2. Discussion of Background and Relevant Information
While playing golf, the player hits a golf ball in order to displace it, by propelling it with an implement referred to as a golf club which is constituted by a shaft having a head at its lower end, whereas its upper end is equipped with a handle, often referred to as a grip.
In a known manner, the head itself is extended laterally from the shaft by a neck adapted to receive the shaft. To this end, the neck has an opening in which the lower end of the shaft is affixed, typically by means of an adhesive of the epoxy type.

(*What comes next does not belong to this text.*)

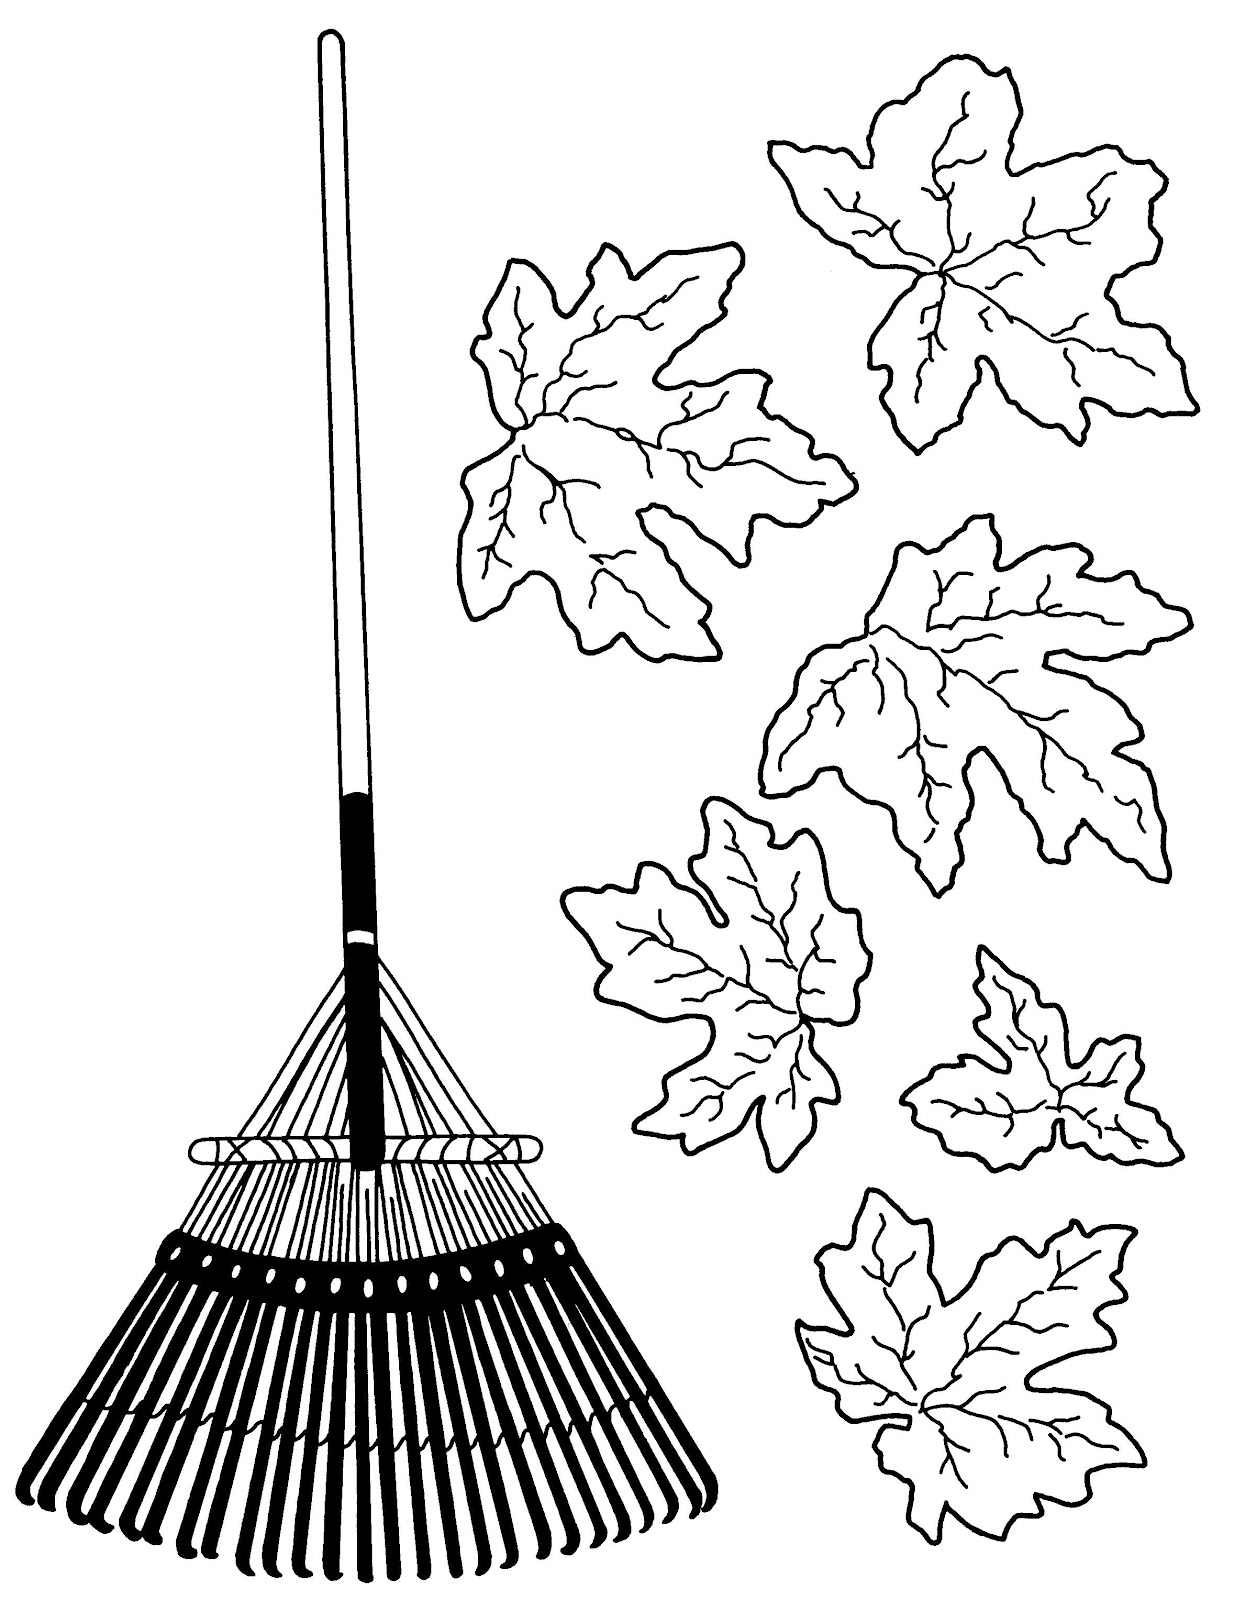 Picture Of Raking Leaves - Cliparts.co

Often, the player wants to change the shaft of the club, either because it is damaged, or because it is not completely adapted to his or her game. Indeed, the precision of shots depends on a certain number of parameters, and especially those related to the stiffness of the shaft and/or its structure. Therefore, the golfer desires either to change clubs or to have the shafts of the clubs changed. The operation of changing the shafts is not very problematic, and is very easy indeed for clubs whose head and shaft are metallic, because the club need only be heated locally in the area or zone at which the shaft is embedded in the head, causing thereby the softening or destruction of the adhesive, thus enabling the shaft to be withdrawn and completely removed from the head.

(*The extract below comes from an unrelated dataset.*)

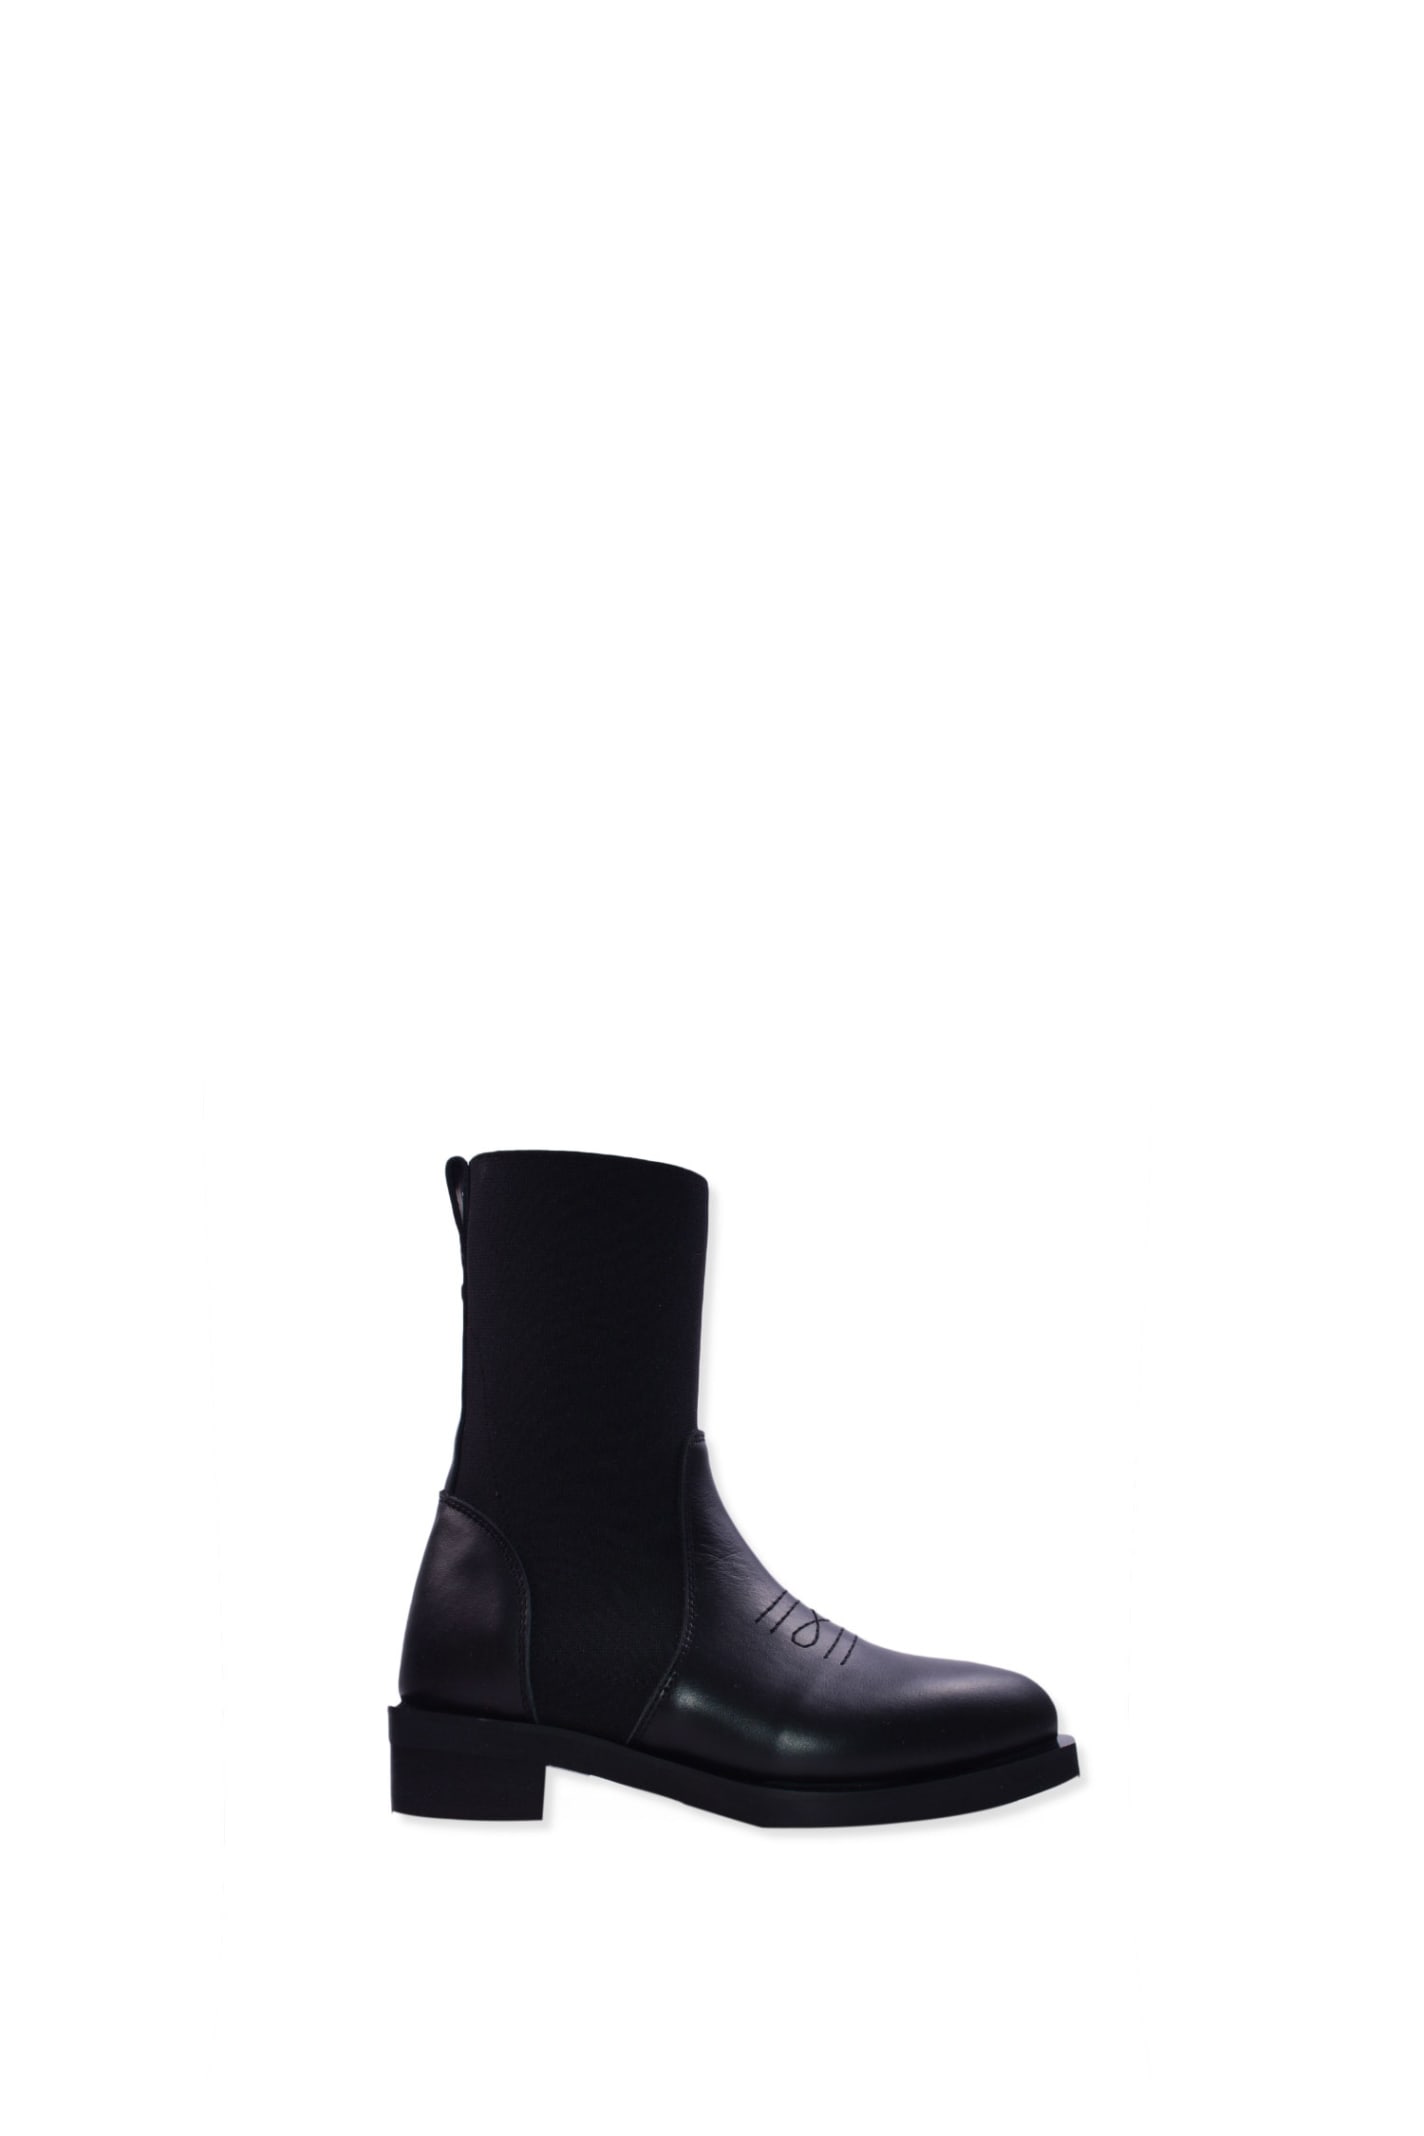 N°21 LEATHER ANKLE BOOT

This operation is unfortunately not possible for clubs whose embedding zone cannot be heated. This is the case for a club whose head, at least in its shaft embedding zone is made of plastic or of a composite material, and whose shaft is not made of steel but, for example, is made of a composite material. It is easy to understand that heating the embedding zone of the shaft would cause irreparable damage to the head and to the shaft, which would then no longer be usable.